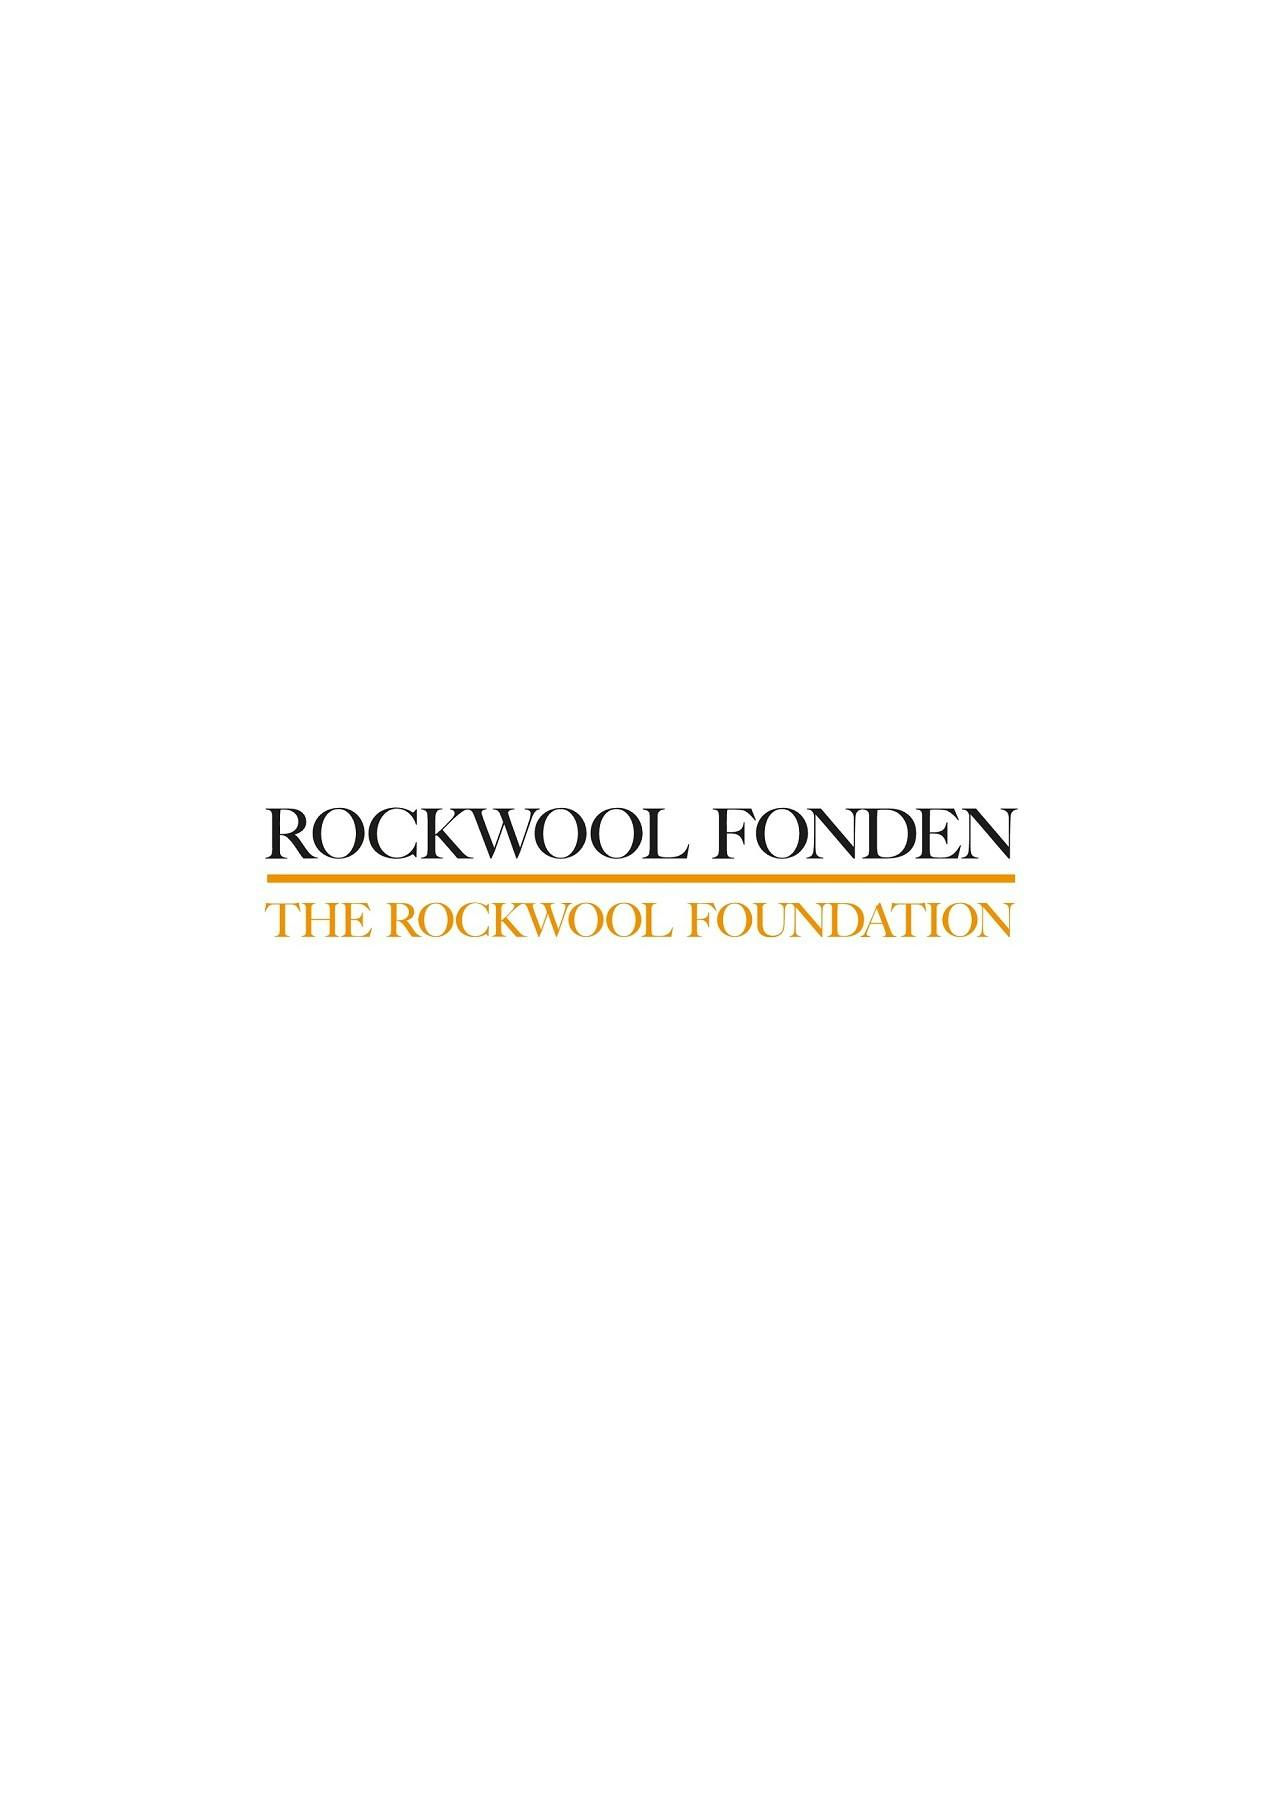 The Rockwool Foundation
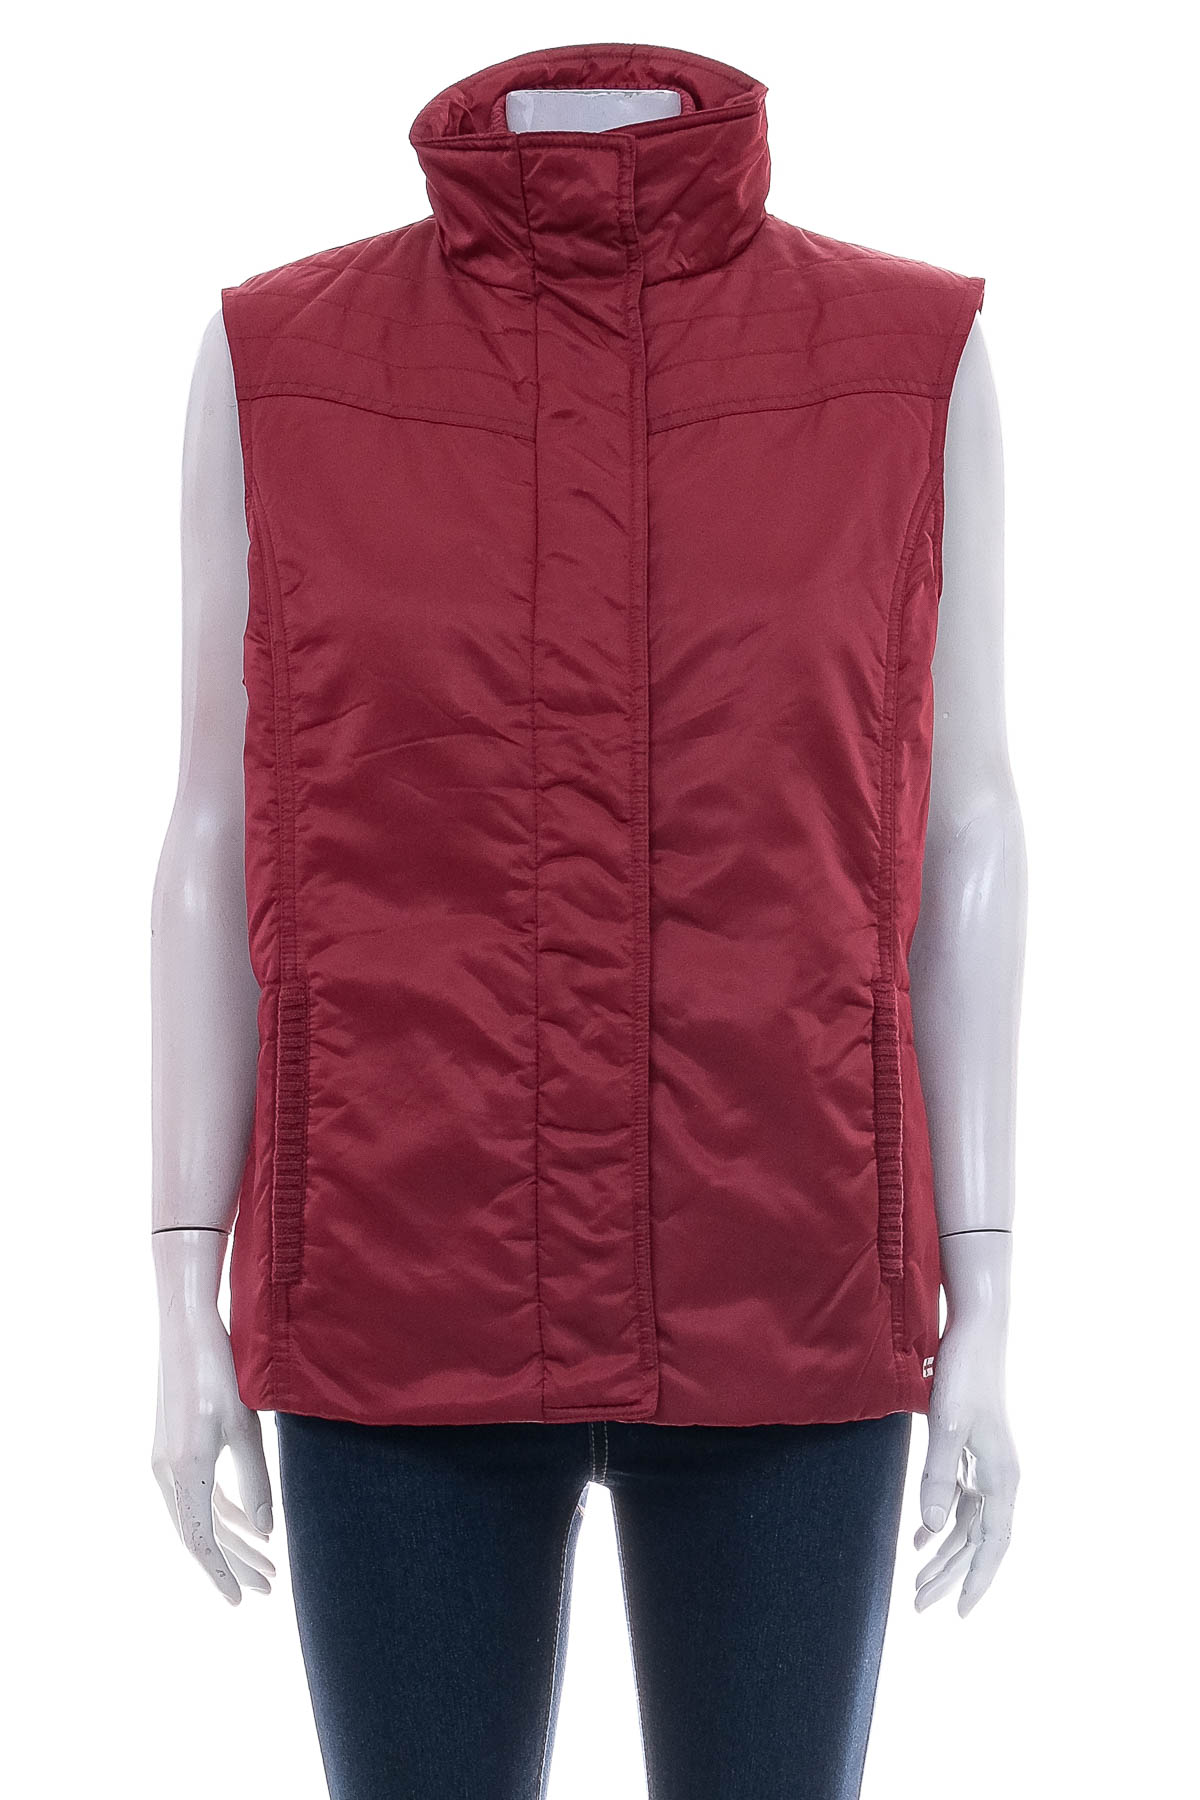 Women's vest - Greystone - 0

---

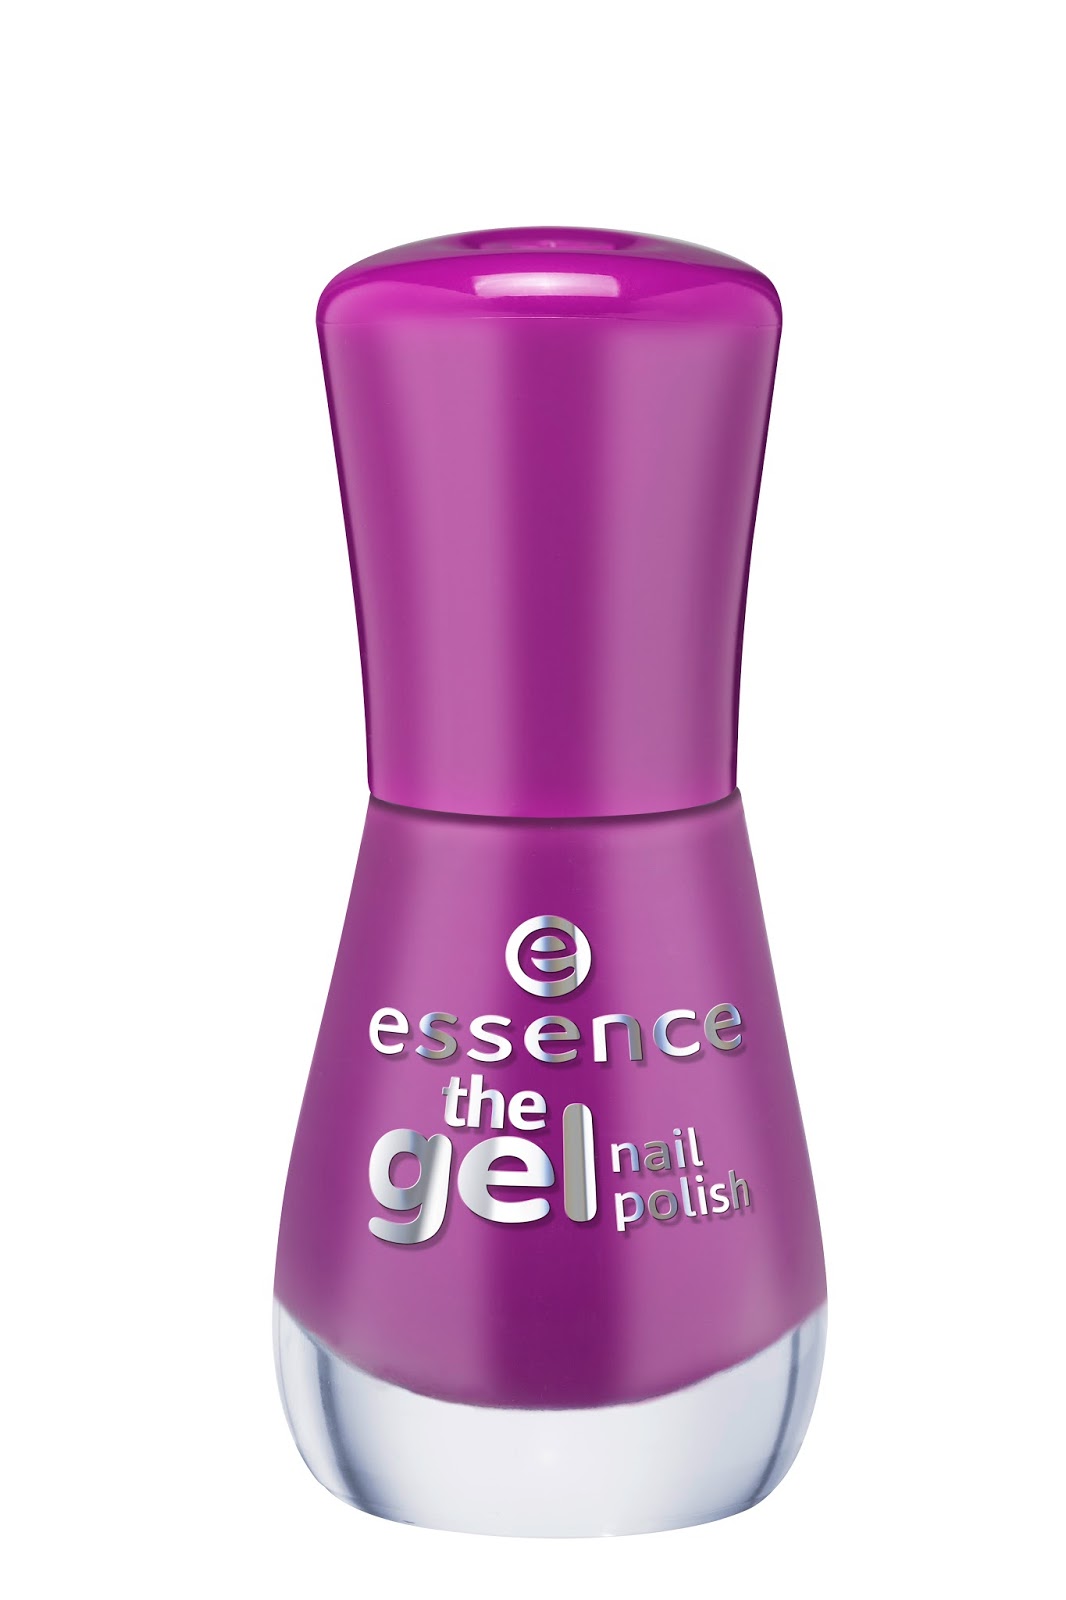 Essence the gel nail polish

* * *

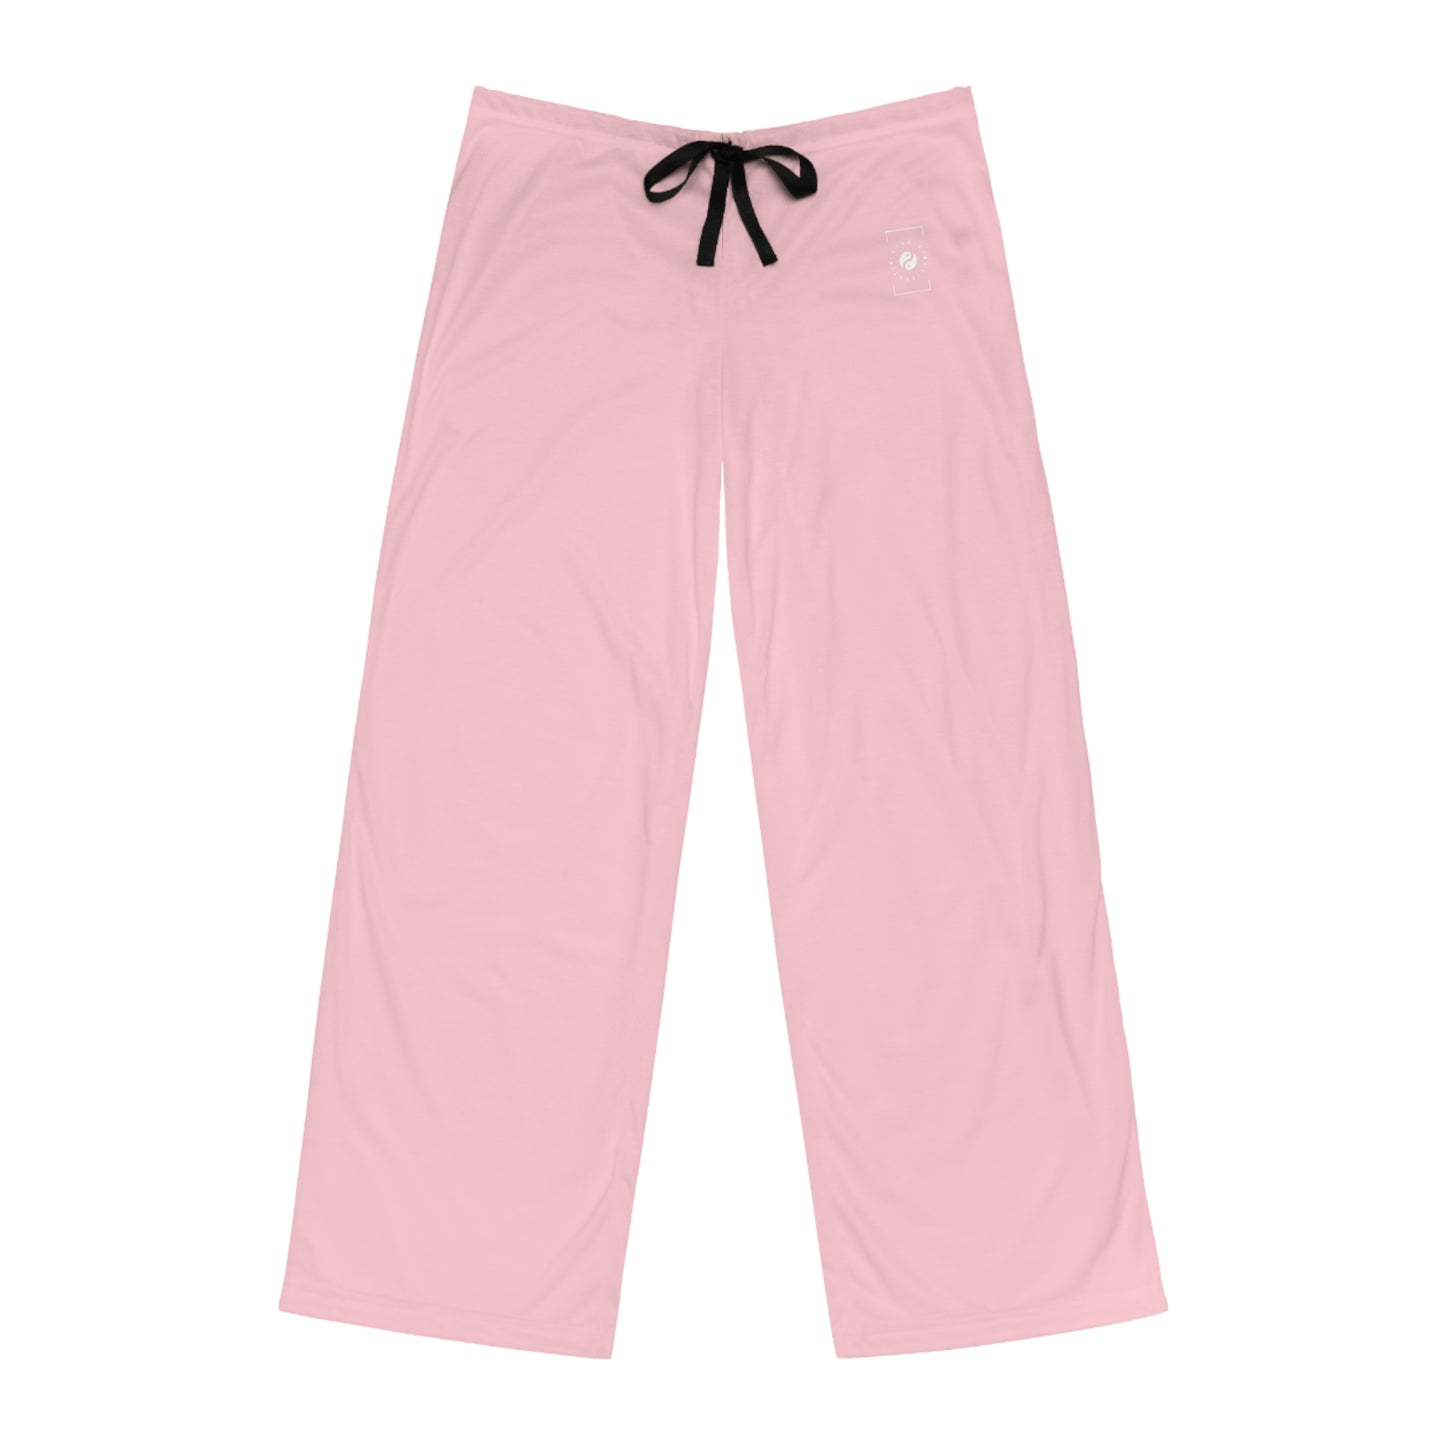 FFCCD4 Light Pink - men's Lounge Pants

EXERCISE: For this exercise, set down the lines in the entries above from the one with "The Rockwool Foundation" through the one with "Women's vest - Greystone - 0" exactly as written, without any pictures.

ANSWER FOR THIS EXERCISE:
 The Rockwool Foundation
 Women's vest - Greystone - 0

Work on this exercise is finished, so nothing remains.